CXCR3 Ligands Are Associated with the Continuum of Diffuse Alveolar Damage to Chronic Lung Allograft Dysfunction

After lung transplantation, insults to the allograft generally result in one of four histopathologic patterns of injury: (1) acute rejection, (2) lymphocytic bronchiolitis, (3) organizing pneumonia, and (4) diffuse alveolar damage (DAD). We hypothesized that DAD, the most severe form of acute lung injury, would lead to the highest risk of chronic lung allograft dysfunction (CLAD) and that a type I immune response would mediate this process. Determine whether DAD is associated with CLAD and explore the potential role of CXCR3/ligand biology. Transbronchial biopsies from all lung transplant recipients were reviewed. The association between the four injury patterns and subsequent outcomes were evaluated using proportional hazards models with time-dependent covariates. Bronchoalveolar lavage (BAL) concentrations of the CXCR3 ligands (CXCL9/MIG, CXCL10/IP10, and CXCL11/ITAC) were compared between allograft injury patterns and "healthy" biopsies using linear mixed-effects models. The effect of these chemokine alterations on CLAD risk was assessed using Cox models with serial BAL measurements as time-dependent covariates. There were 1,585 biopsies from 441 recipients with 62 episodes of DAD. An episode of DAD was associated with increased risk of CLAD (hazard ratio, 3.0; 95% confidence interval, 1.9-4.7) and death (hazard ratio, 2.3; 95% confidence interval, 1.7-3.0).
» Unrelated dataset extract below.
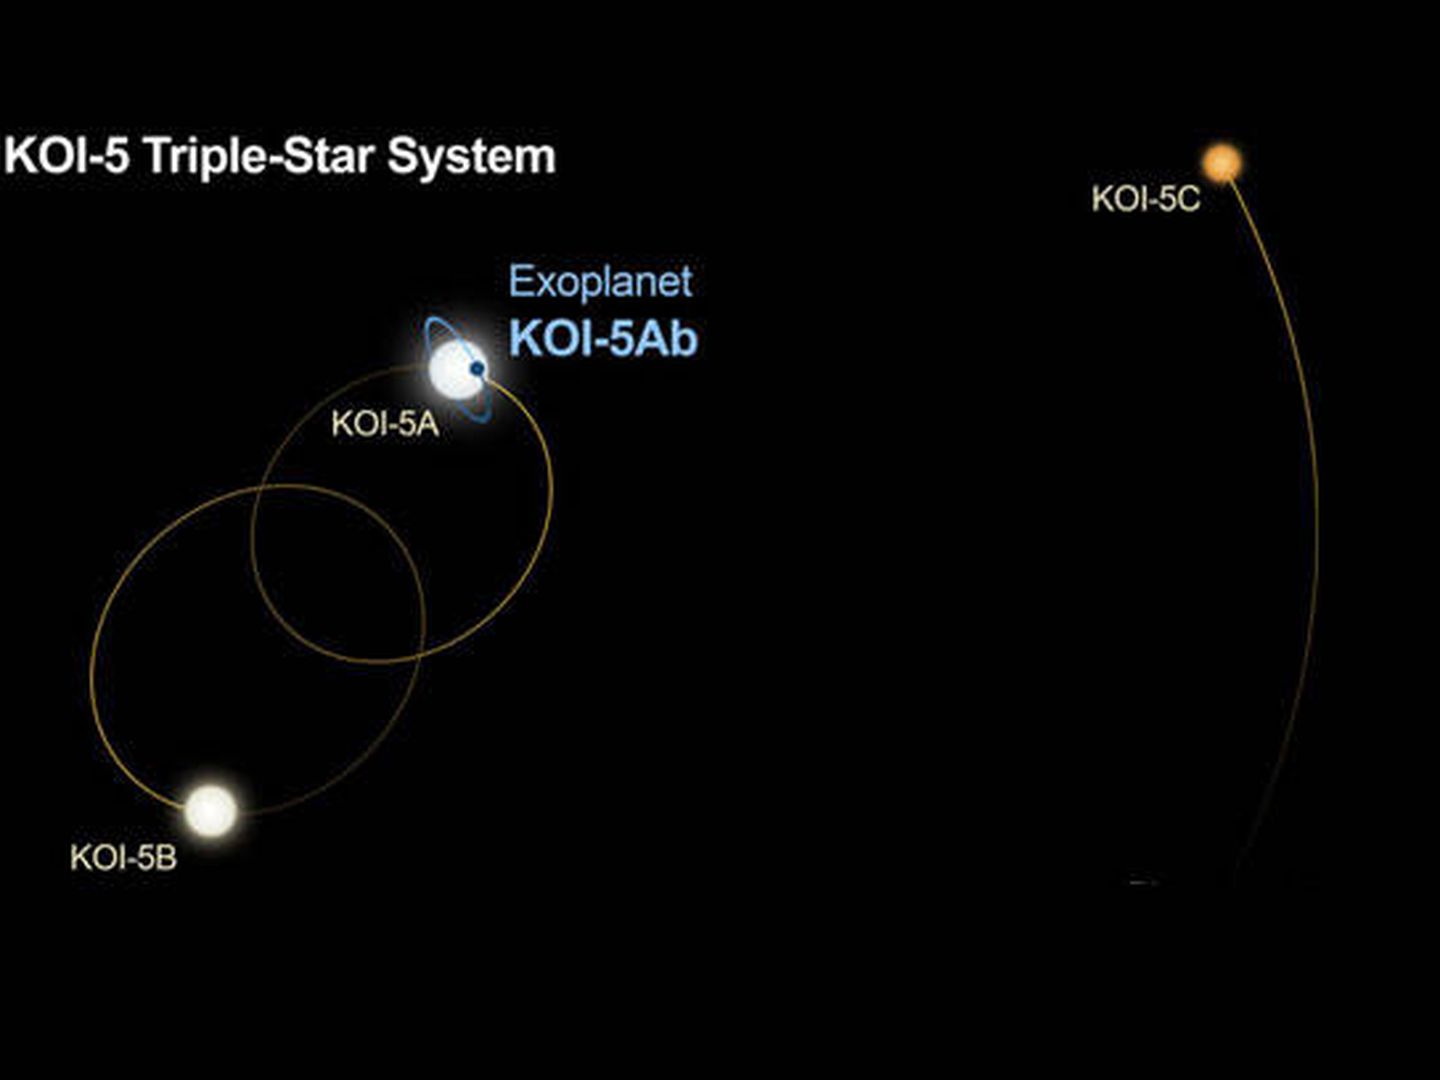 Este es el esquema de tres estrellas y su influencia en el KOI-5Ab

There were marked elevations in BAL CXCR3 ligand concentrations during DAD. Furthermore, prolonged elevation of these chemokines in serial BAL fluid measurements predicted the development of CLAD. DAD is associated with marked increases in the risk of CLAD and death after lung transplantation. This association may be mediated in part by an aberrant type I immune response involving CXCR3/ligands.